За Гомборами скитаясь,
 миновал Телав вечерний,
 Аллавердской ночью синей
 схвачен праздника кольцом.
 Чихиртмой, очажным дымом
 пахли жаркие харчевни,
 Над стенаньями баранов с перепуганным лицом.
Люди чавкали и пели с кахетинскою истомой
 И шумели по-хевсурски под навесами в кустах.
 Мчались всадники с шестами, и горящая солома
 Освещала все сучки нам на танцующих шестах.
И, скользя в крови бараньей,
 шел, на шкуры наступал я,
 И волненье очень смутно
 стало шириться во мне,
 Было поднято гуденьем и в гуденье уплывало
 Мое тело, словно рыба, оглушенная во сне.
Больше не было покоя
 в дымах, пахнувших металлом,
 Ни в навесах сумасшедших,
 ни в ударах черных ног,-
 Это старый бурый бубен
 бесновался, клокотал он,
 Бормотал, гудел, он
 бурю бурным волоком волок.
И упал я в этот бубен, что, владычествуя,
 выплыл,
 Я забыл другие ночи, мысли дымные клубя,
 И руками рвал я мясо, пил из рога,
 пел я хрипло,
 Сел я рядом с тамадою, непохожий на себя.
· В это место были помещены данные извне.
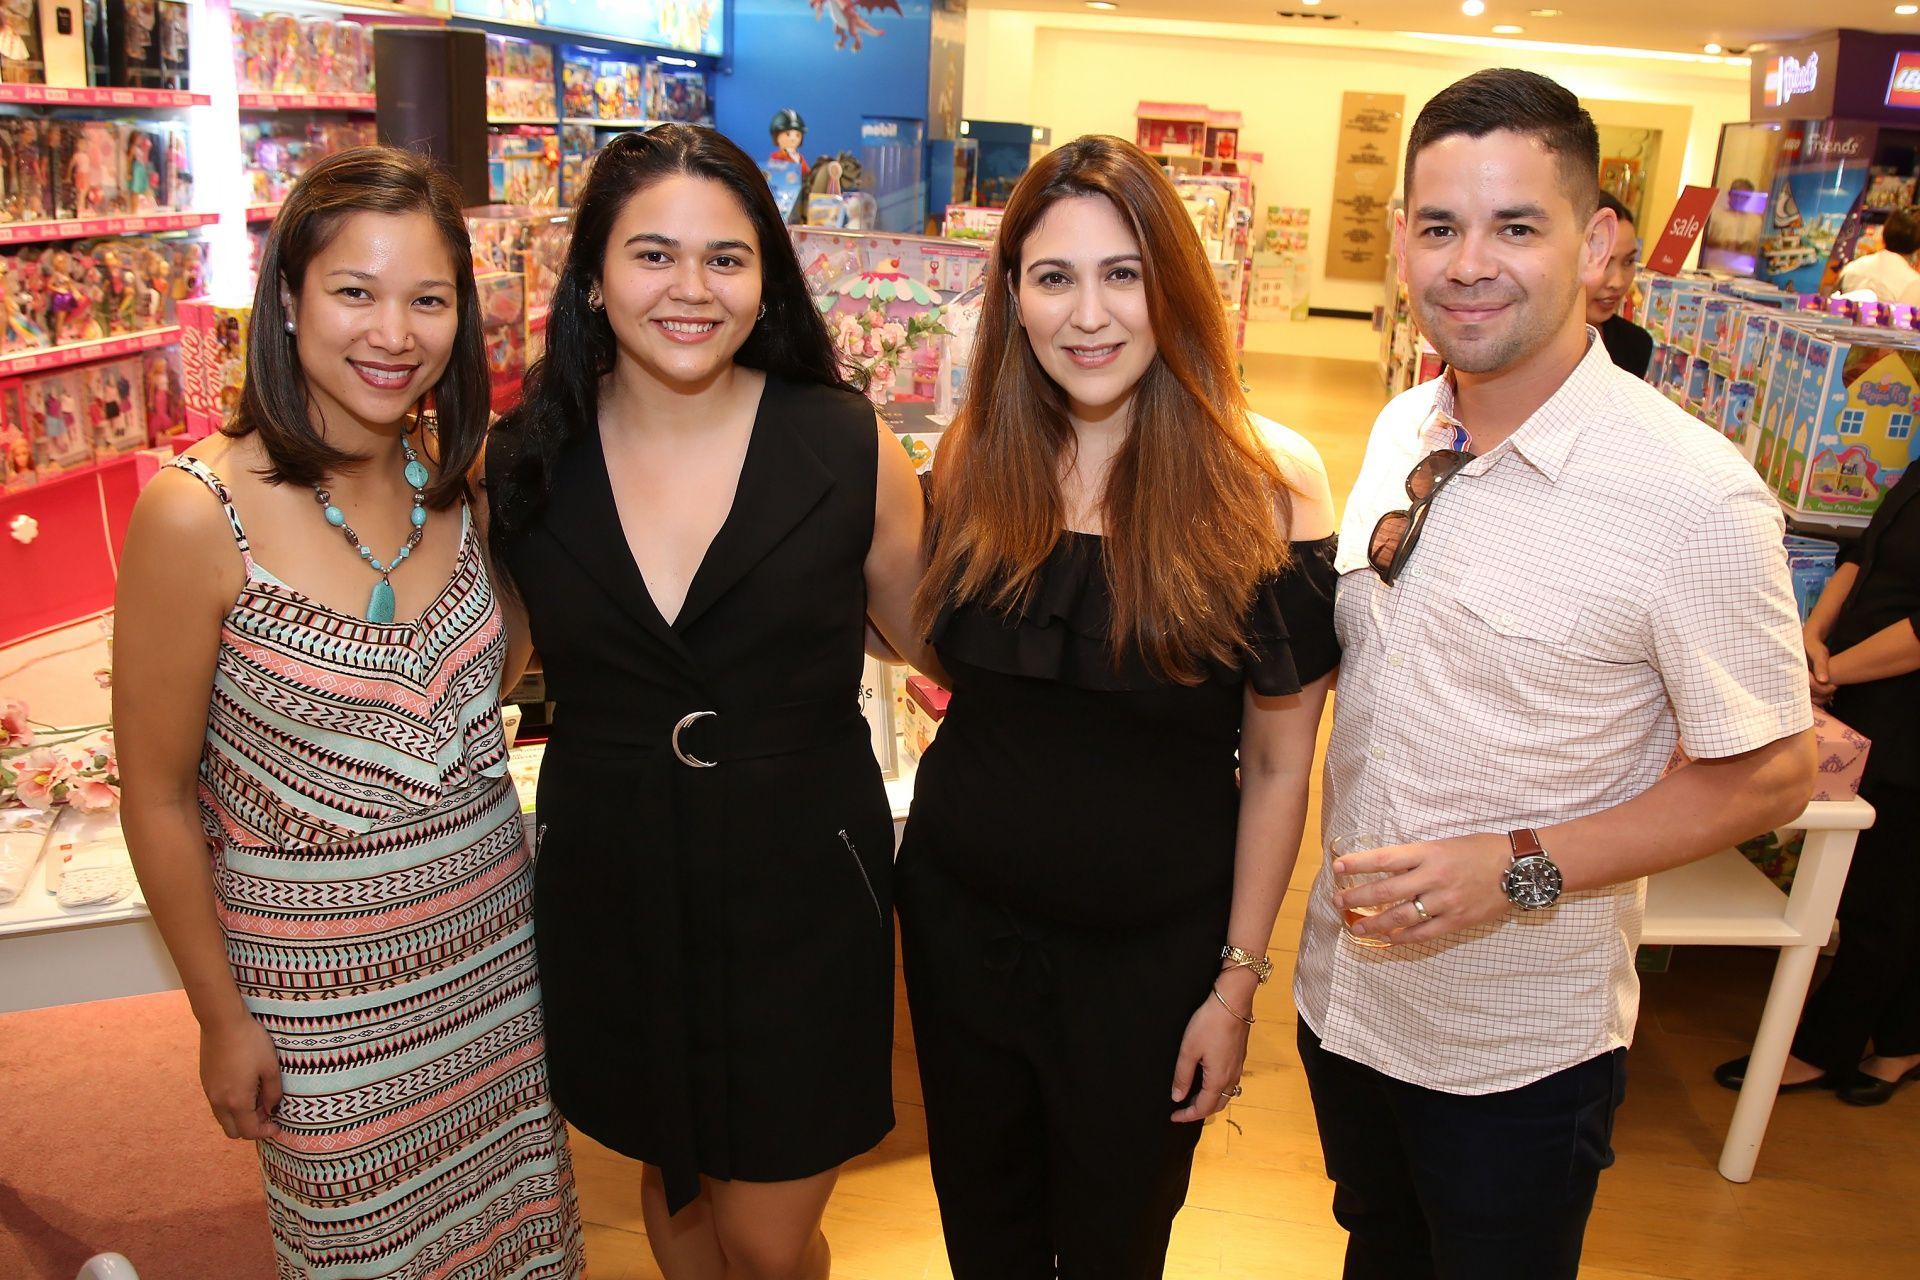 Isabel Chongbian Heredia, Ines Barretto, Amaya Barretto, Charley Heredia

Словно горец в шапке черной,
 И в горах остался дом,
 Но в такой трущобе горной,
 Что найдешь его с трудом.
Проходил я через клочья
 Пен речных, леса и лед,
 Бурый бубен этой ночи
 Мне всю память отобьет.
Чтоб забыл я все потоки,
 Все пути в ночи и днем,
 Чтоб смотрел я лишь на щеки,
 Окрыленные огнем;
Чтоб свои свихнул я плечи
 Среди каменных могил,
 Чтобы, ночь очеловечив,
 С ней, как с другом, говорил,-
В этой роще поредевшей,
 Этот праздник не виня,-
 О не пившей и не евшей,
 Не смотревшей на меня.
Вдруг людей в одеждах серых
 породила темнота,
 Скромность их почти пугала
 среди праздничной орды,
 Даже голос был особый, даже поступь их не та,
 Будто вышли рыболовы
 в край, где не было воды.
То слепые музыканты разом подняли смычки,
 Заиграли и запели, разевая узко рот,
 Точно вдруг из трав зеленых
 встали жесткие сверчки,-
 Я читал на лицах знаки непонятных нам забот.
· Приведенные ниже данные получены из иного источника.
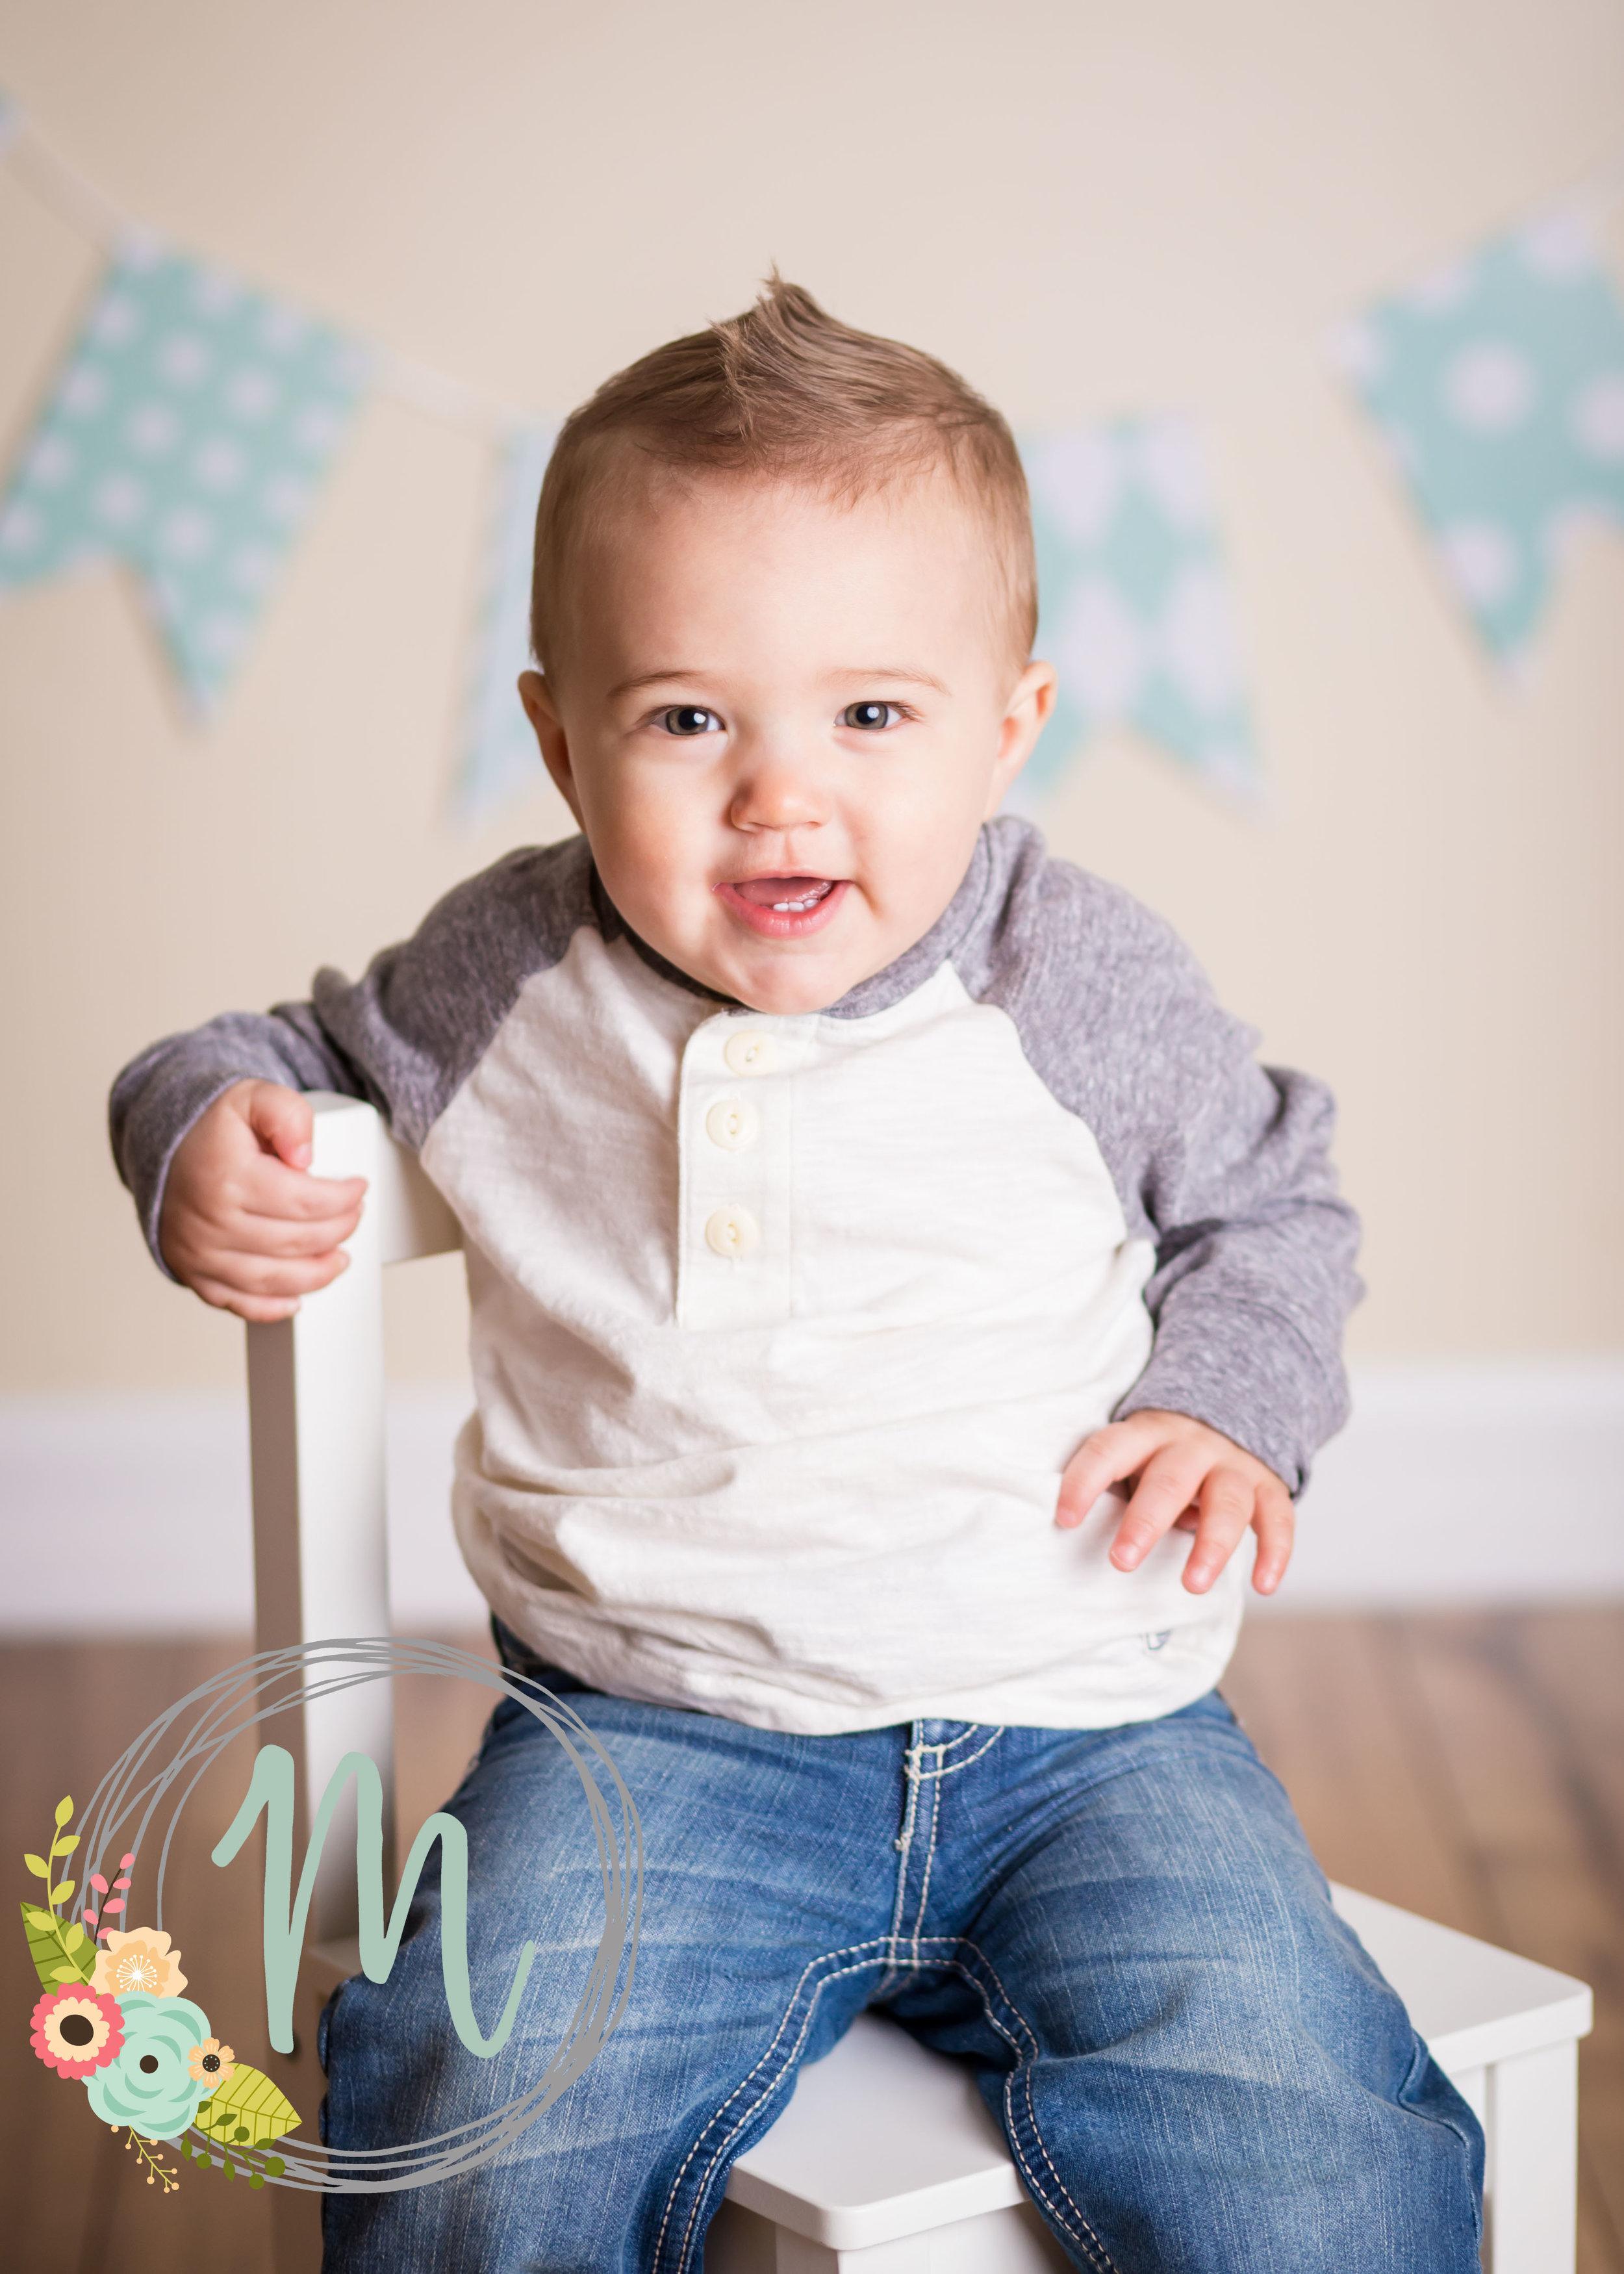 Mobie Photo - Lehi, Utah Baby Photographer

Тут слепые музыканты затянули тонкий стих,
 Ночь стояла в этих людях, как высокая вода,
 Но прошел, как зрячий, бубен
 сквозь мелодию слепых,
 И увидел я: на шлеме след оставила звезда,
На линялом, нищем шлеме у слепого одного,
 Что сидел совсем поодаль, пояс тихо теребя.
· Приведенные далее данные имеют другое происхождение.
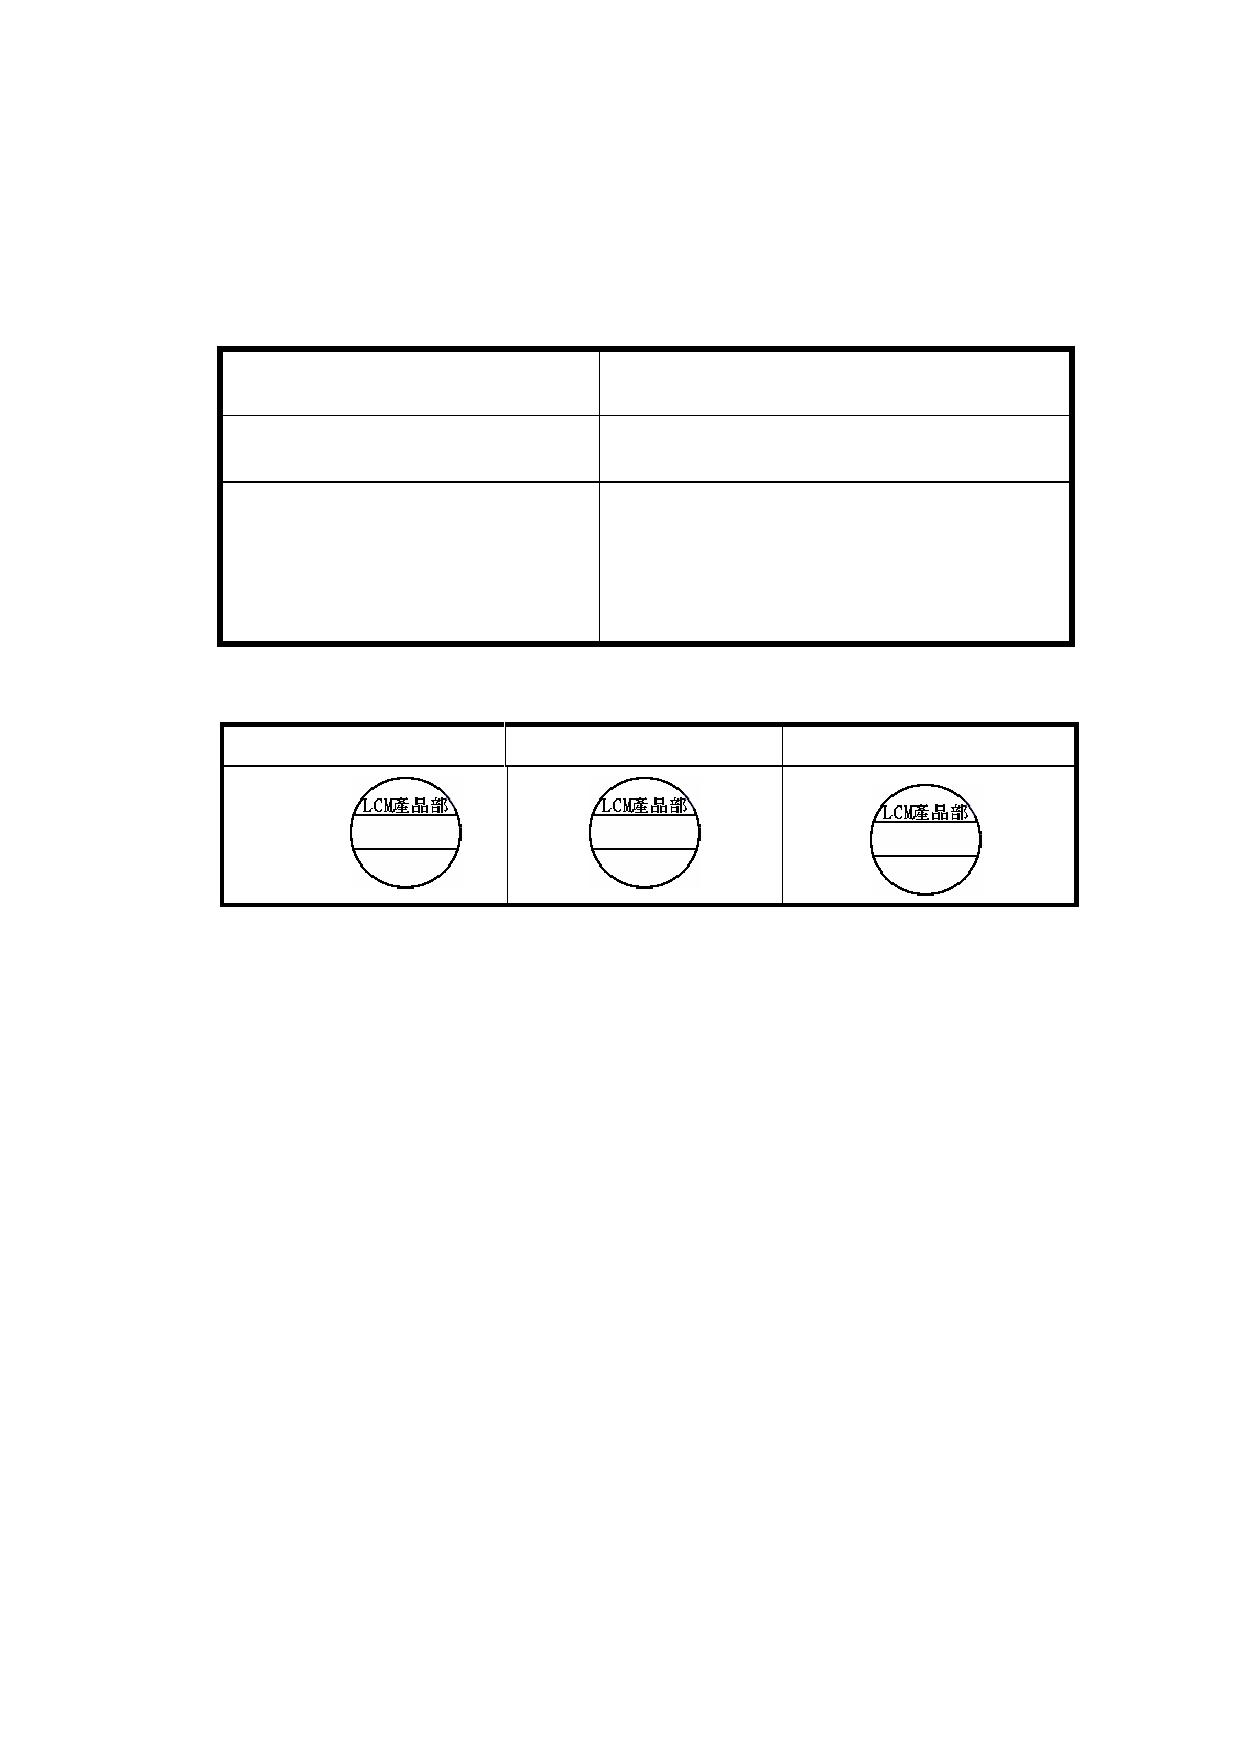 I1813-6IPN1216A دیتاشیت PDF

 И на шлем я загляделся непонятно отчего,
 Встал я рядом с тамадою, непохожий на себя.
Словно был я партизаном
 В алазанской стороне
 И теперь увидел заново
 Этот край, знакомый мне.
Как, ломая хрупкий иней
 И над пропастью скользя,
 К аллавердской ночи синей
 С гор спускаются друзья.
За хевсурскими быками
 Кони пшавов на гребне,
 С Алазани рыбаками
 Гор охотники в родне.
Словно шел я убедиться,
 Что измятый, старый шлем
 Был воинственною птицей,
 Приносившей счастье всем.
Что, храня теперь слепого
 В алазанской стороне,
 Он, как дружеское слово,
 Сквозь года кивает мне.
Подходил рассвет, и роща отгремела и погасла,
 Мир вставал седым и хмурым,
 бубен умер на заре,
 Запах пота и полыни, в угли пролитого масла,
 Птицы крик — и в роще сизый
 след поводьев на коре.
Обнажились вмиг вершины,
 словно их несли на блюде
 И закрыли облаками от объевшихся гостей,
 А под бурками вповалку
 непробудно спали люди,
 Как орехи, волей вихря послетавшие с ветвей.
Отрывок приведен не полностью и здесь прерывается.